Furthermore, it provides a PROVENANCE of that information to help stop
people from circular referencing. That is - clearly stating that the
specific fact in Wikidata has come from Wikipedia helps to avoid the
structured-data equivalent of "citogenisis":
https://xkcd.com/978/ If/When
a person can provide a reliable reference for that same fact, they are
encouraged to add an actual reference. Note, the wikidata statement used
for facts coming in from Wikipedia use the property "imported from". This
is deliberately different from the property "reference URL" which is what
you would use when adding an actual reference to a third-party reliable
online source.
How does the presence of that information in Wikidata help if the Google
user just gets the info in the Knowledge Graph without any indication that
it comes from Wikidata? Because CC0 specifically waives the right to
attribution that Wikipedia retains.[1][2] No re-user of Wikidata content is
required to say where the data came from, and they typically don't.
So, absent this information, don't you think it likely that users will
simply propagate information they find in Google and on other reusers'
sites? Rather than preventing citogenesis, I think it's citogenesis on
steroids, given that Google has far more users than any Wikimedia project.
This CC0, no-attribution arrangement may financially benefit Google,
because they can dispense with a source link that might lead users away
from their own site and their ads, but how does it benefit the public, or
indeed benefit Wikimedia? Are we all just working to make Google richer, or
are we working for the public?
Moreover, according to data on Wikimedia Labs[3], about half of all
statements in Wikidata have *no reference whatsoever*. That's *in addition*
to the third that are only referenced to a Wikipedia.
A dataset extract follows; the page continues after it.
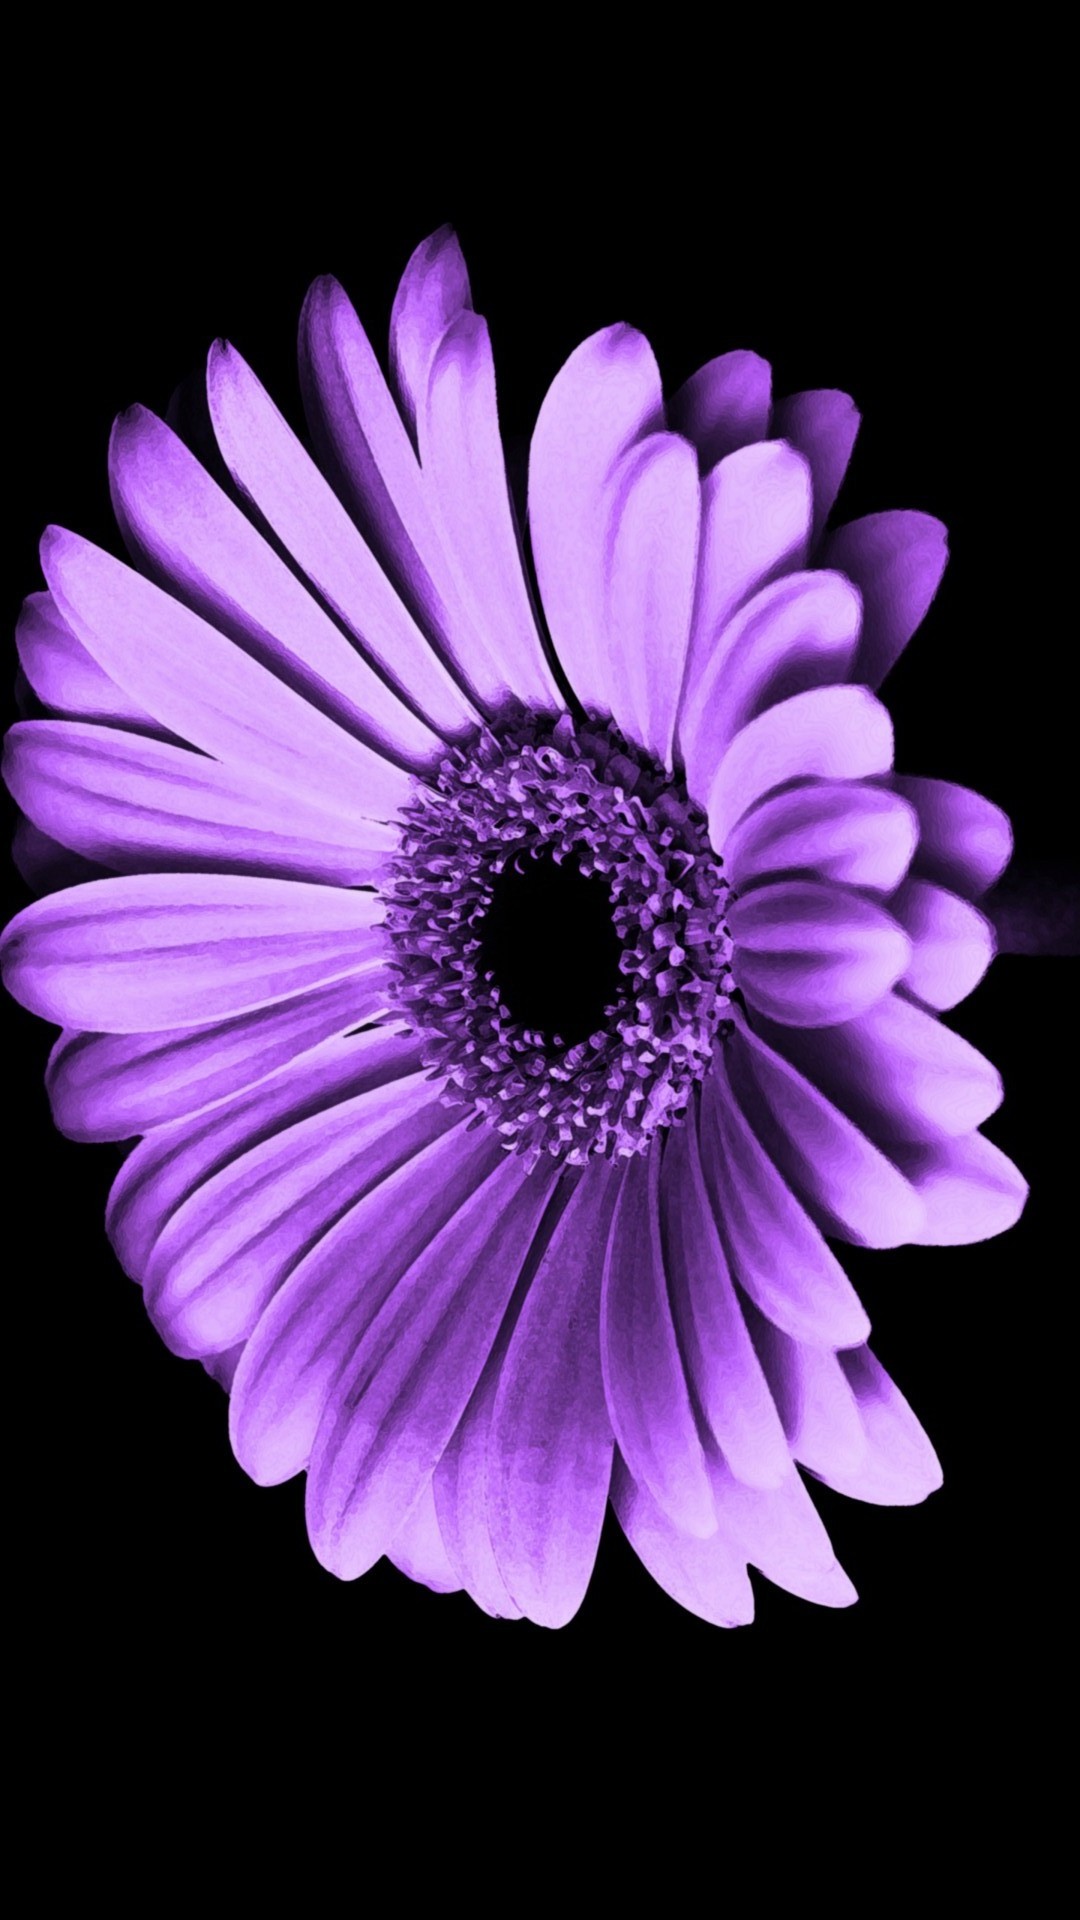 Purple Flowers Iphone Wallpaper Hd 2020 Cute Wallpapers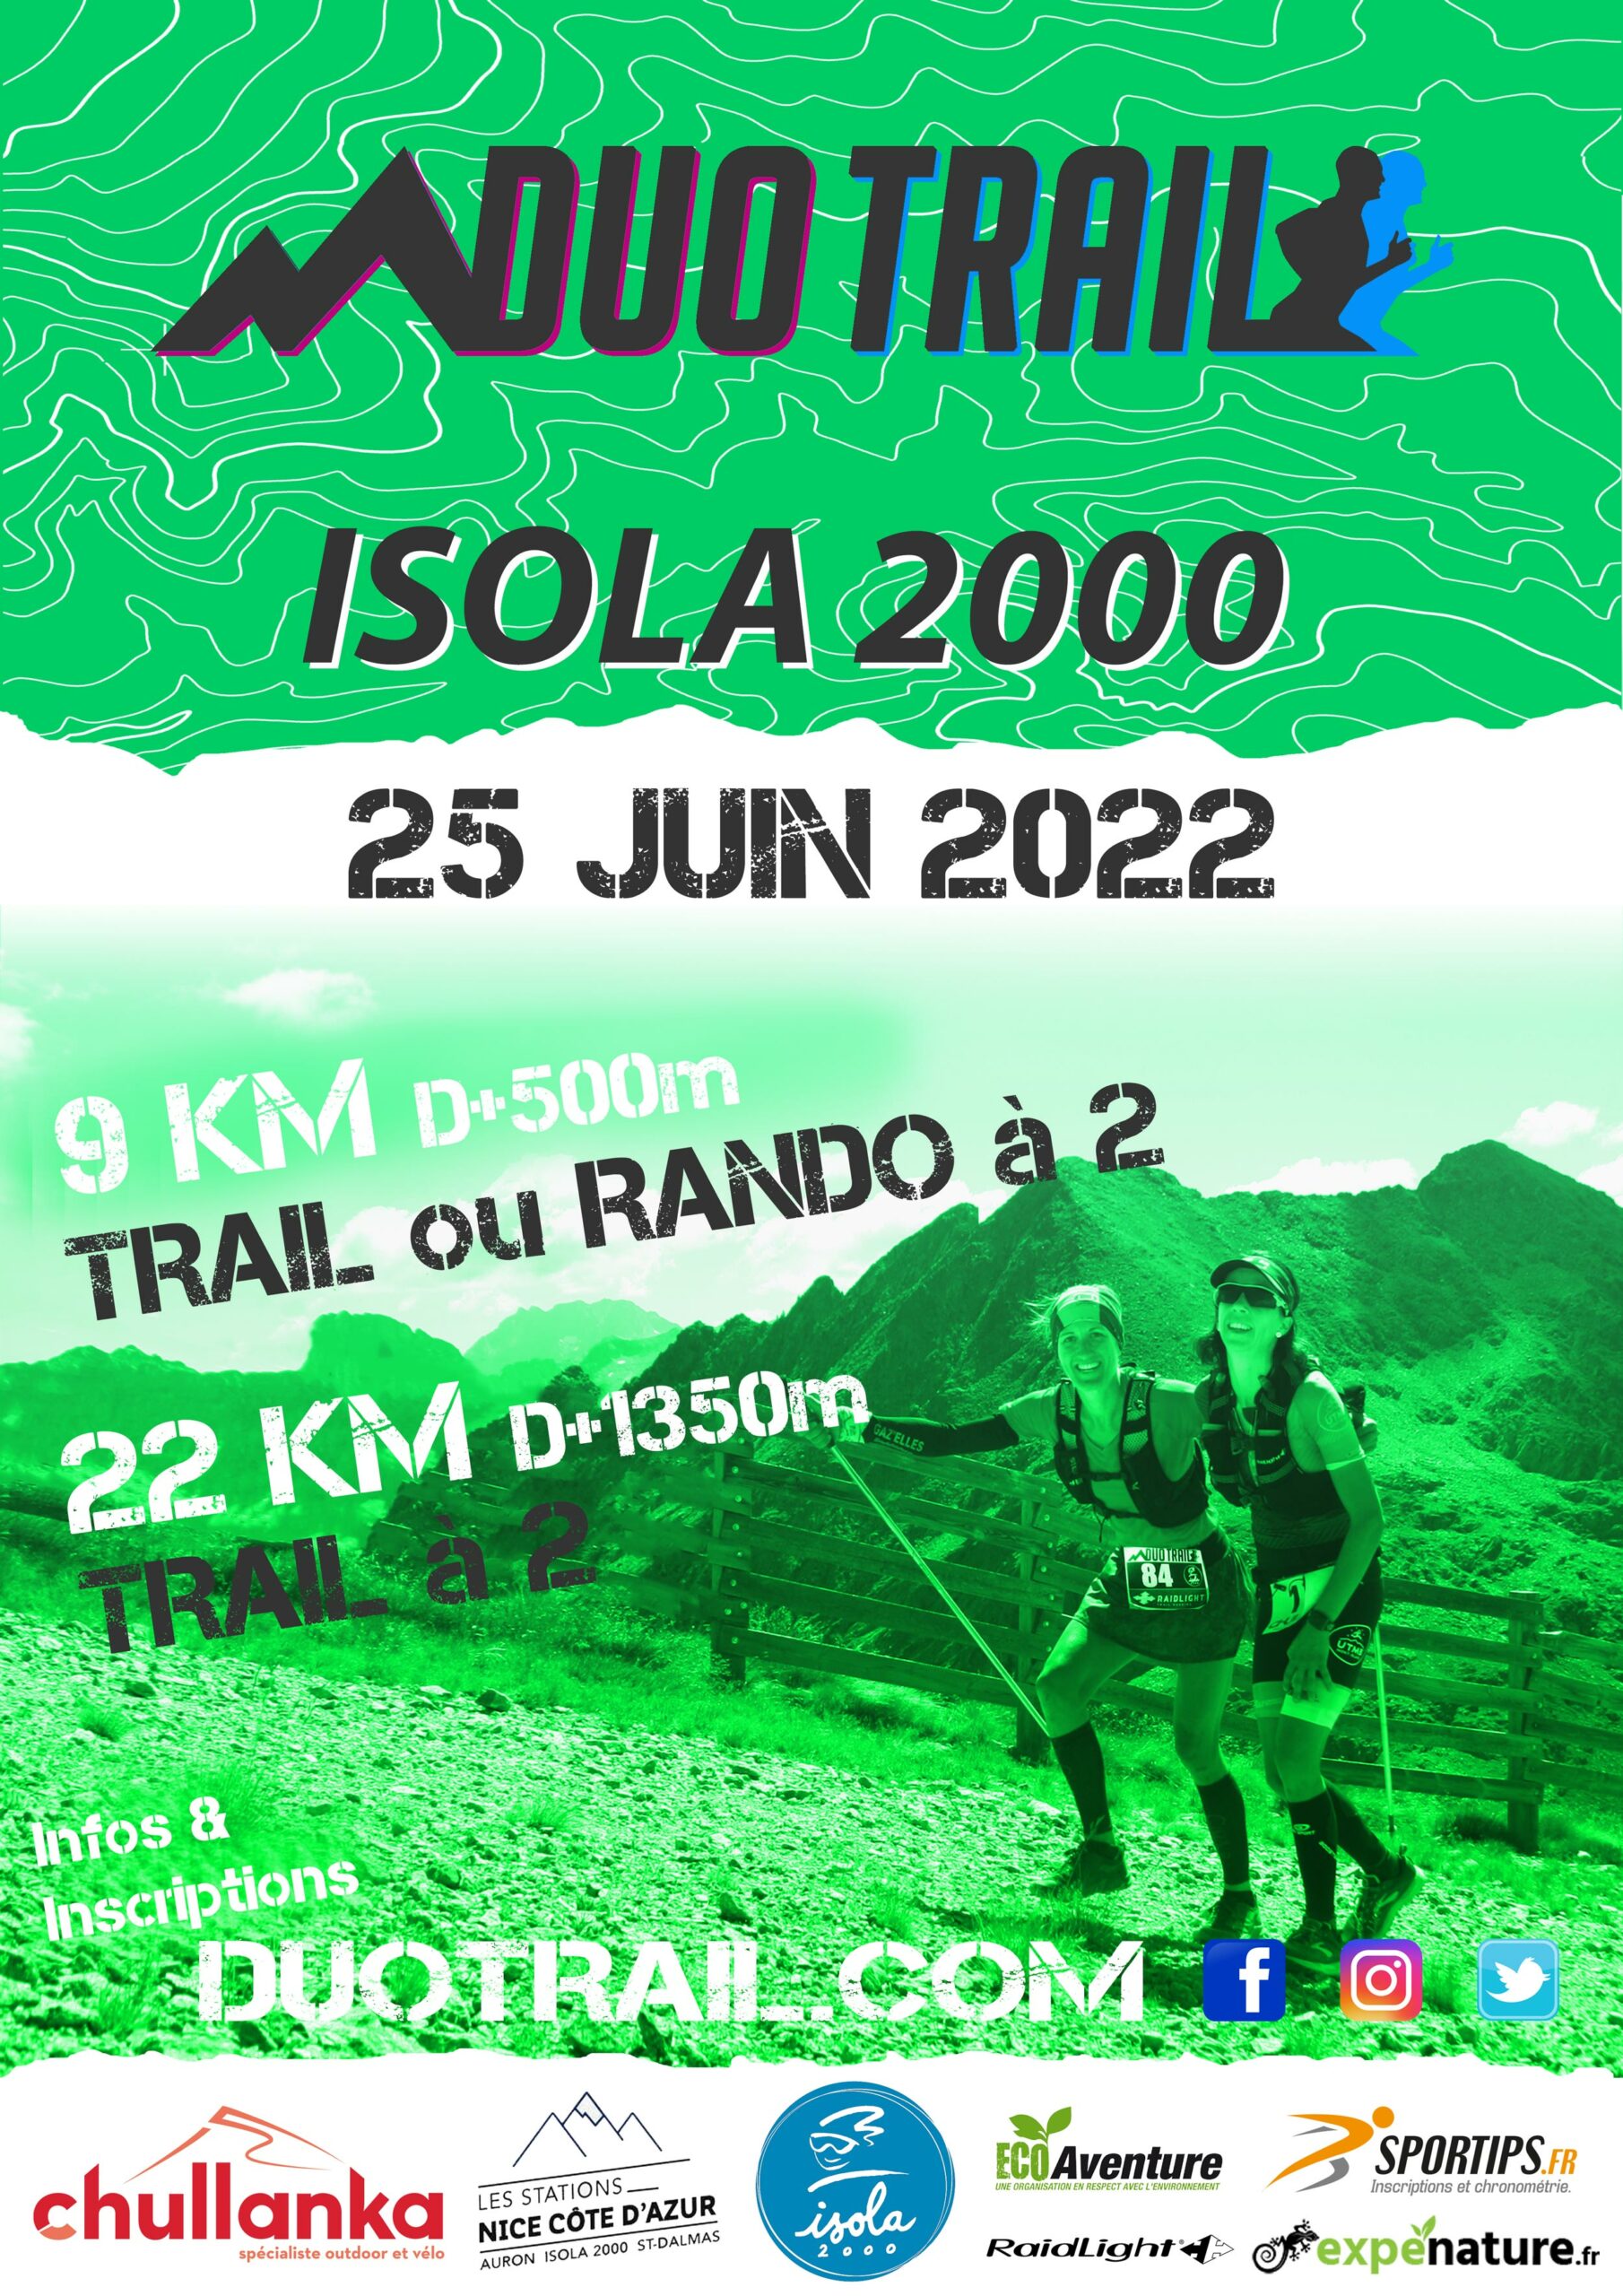 DUO TRAIL® MERCANTOUR | ISOLA 2000

Yet all of this material is meant to form an input to the Google Knowledge
Graph, following Google's abandonment of Freebase in favour of
Wikidata.[4][5]
Furthermore, the fact that many statements in Wikidata
are not given a
reference (yet) is not necessarily a "problem". For example - this
https://www.wikidata.org/wiki/Q21481859 is a Wikidata item for a
scientific
publication with 2891 co-authors!! This is an extreme example, but it
demonstrates my point... None of those 2891 statements has a specific
reference listed for it, because all of them are self-evidently referenced
to the scientific publication itself. The same is true of the other
properties applied to this item (volume, publication date, title, page
number...). All of these could be "referenced" to the very first property
in the Wikidata item - the DOI of the scientific article:
http://www.sciencedirect.com/science/article/pii/S0370269312008581 This
item is not "less reliable" because it doesn't have the same footnote
repeated almost three thousand times, but if you merely look at statistics
of "unreferenced wikidata statements" it would APPEAR that it is very
poorly cited.
So, I think we need a more nuanced view of what "proper referencing" means
in the context of Wikidata.
I take your point, even though I am unsure what value this Wikidata listing
adds for the public, given that it merely reproduces details from the
publisher's page. Might we be reinventing the wheel? And if there is value
added for the public in some way that escapes me, surely it would not be
difficult to have the bot add the reference automatically when importing
the data from the publisher's page, thereby showing that it is referenced
and making it easier to spot when someone subsequently adds the name of his
classmate as a joke?
I'll add an extreme example of my own, from the opposite end of the
spectrum: for five months in 2014, Wikidata told the world that Franklin D.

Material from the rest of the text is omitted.